The substrate 11 is, for example, an n ⁺ type SiC substrate. The drift layer 12 is a semiconductor layer provided on the substrate 11, and is, for example, an n ⁻ type SiC layer. Note that superscripts (“+” and “−”) such as “n ⁺ ” and “n ⁻ ” indicate relative impurity concentration relationships.

The well region 13 is a p-type semiconductor region formed in the drift layer 12. The source region 14 is an n ⁺ type semiconductor region formed in the well region 13.

  The drain electrode 15 is formed on the back surface of the substrate 11.

  The source electrode 16 is formed so as to contact the surface of the well region 13 (p-type contact region) and the source region 14.

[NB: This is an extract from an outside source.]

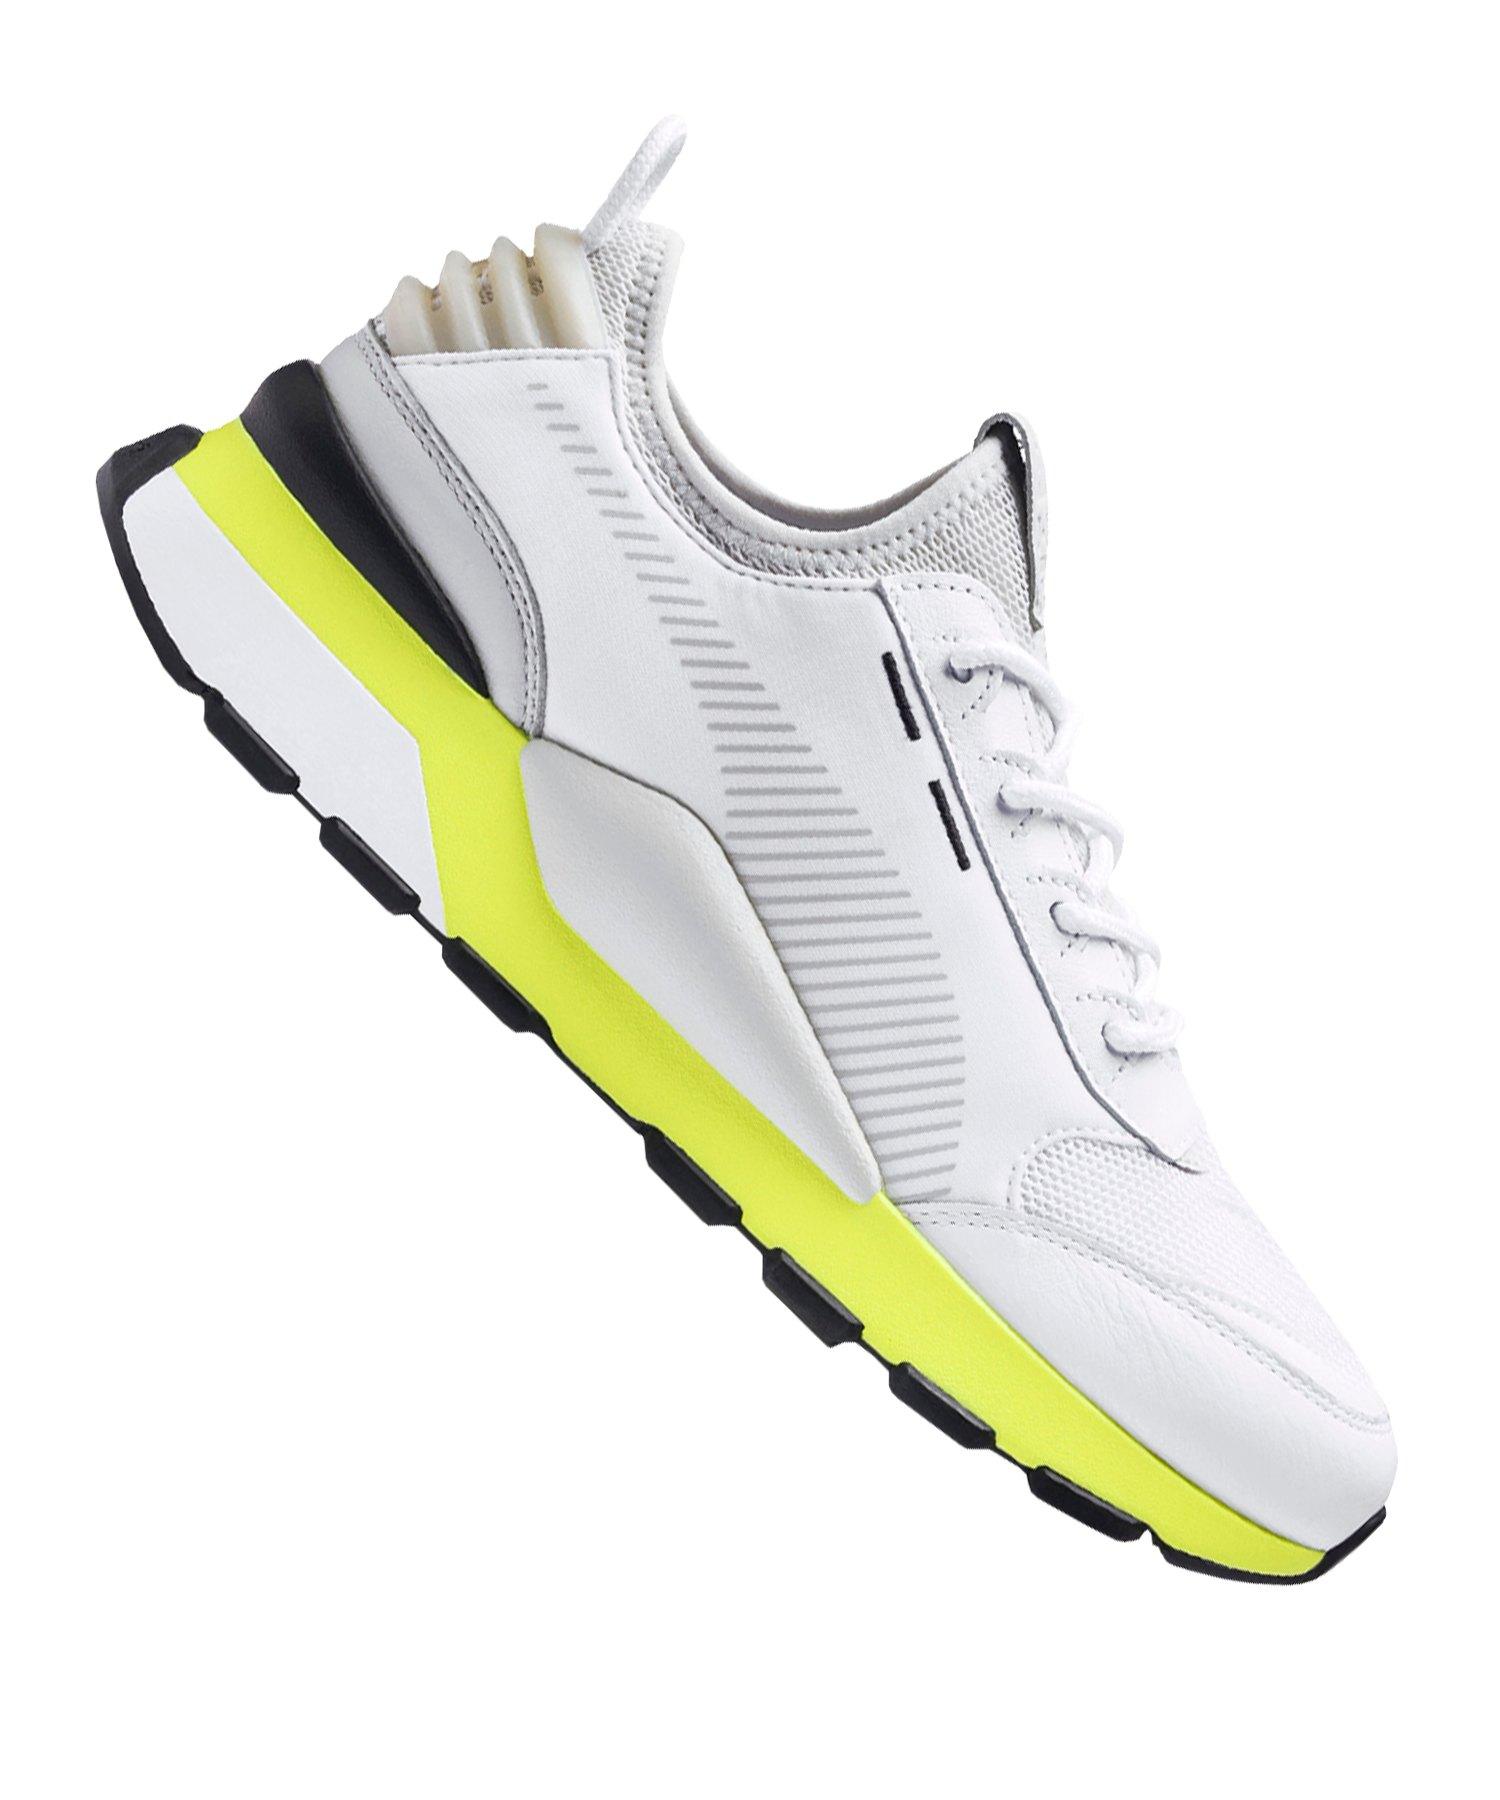 PUMA RS-0 TRACKS Sneaker Weiss Gelb F03 - weiss
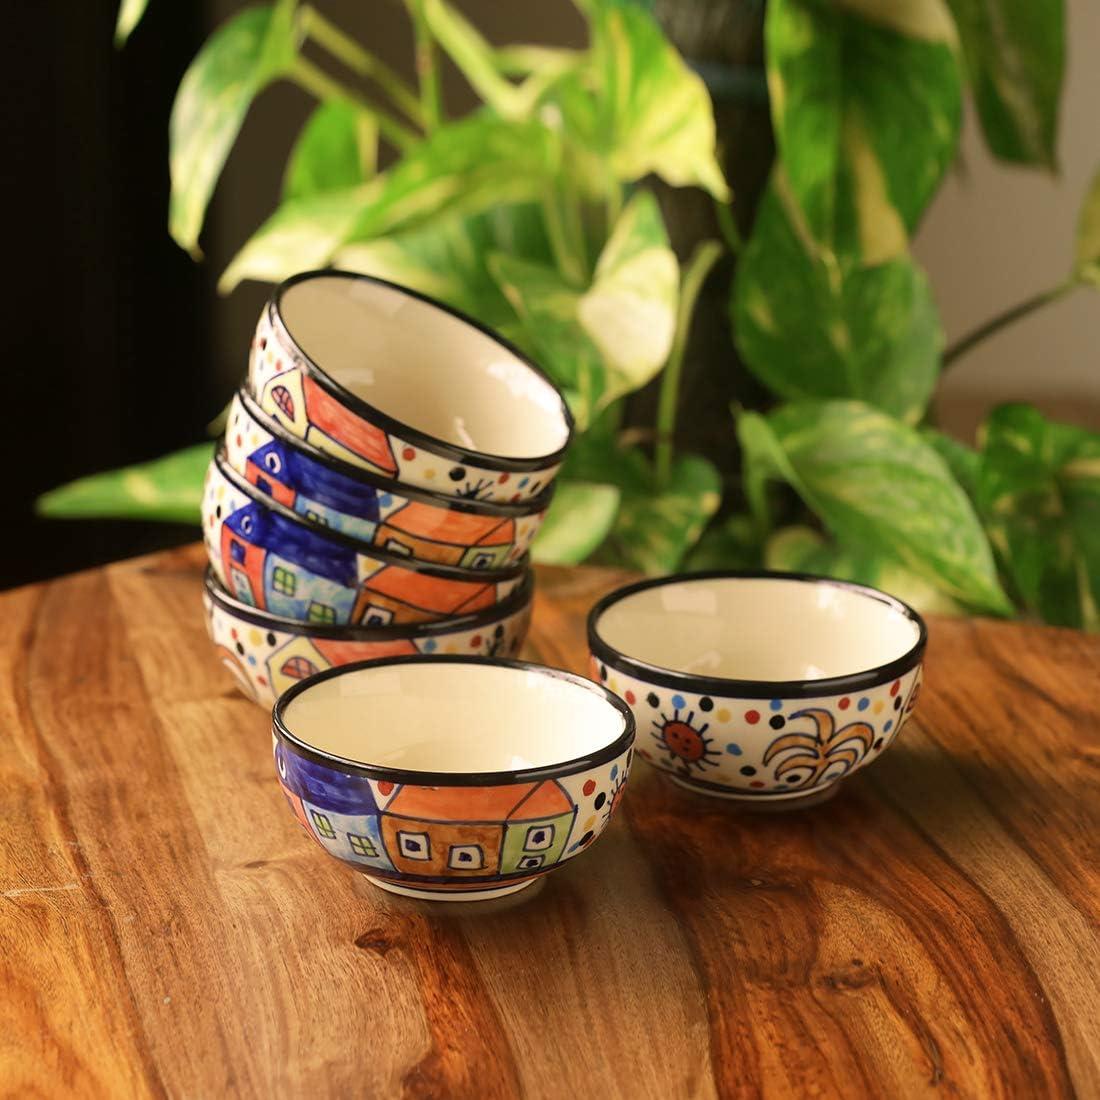 ExclusiveLane The Serving Hut Overseas parallel import regular item Cheap SALE Start Goblets Cereal Ceramic Set 6 Bowl

  The gate electrode 17 is formed on the gate insulating film 18 formed so as to be in contact with the drift layer 12, the well region 13, and the source region 14. The gate insulating film 18 is an insulating film such as a silicon oxide film, for example. The drain electrode 15, the source electrode 16, and the gate electrode 17 are metal electrodes, such as aluminum, for example.

  Note that the vertical semiconductor device 10 shown in FIG. 2A is merely an example, and the materials and the like are not limited to those described above. For example, instead of SiC, silicon (Si), gallium nitride (GaN), or the like may be used. Further, the p-type and n-type may be interchanged.

[1-2. Circuit configuration of vertical semiconductor device]
The vertical semiconductor device 10 shown in FIG. 2A can be represented by a bidirectional current source 20 and variable capacitors 21 to 23 as shown in FIG. 2B.

  The bidirectional current source 20 includes a drain electrode terminal D, a source electrode terminal S, and a gate electrode terminal G. The drain electrode terminal D is an example of a first electrode terminal and corresponds to the drain electrode 15 shown in FIG. 2A. The source electrode terminal S is an example of a second electrode terminal and corresponds to the source electrode 16 shown in FIG. 2A. The gate electrode terminal G is an example of a control electrode terminal, and corresponds to the gate electrode 17 shown in FIG. 2A. The bidirectional current source 20 outputs a current corresponding to the inter-terminal voltage applied between the drain electrode terminal D and the source electrode terminal S.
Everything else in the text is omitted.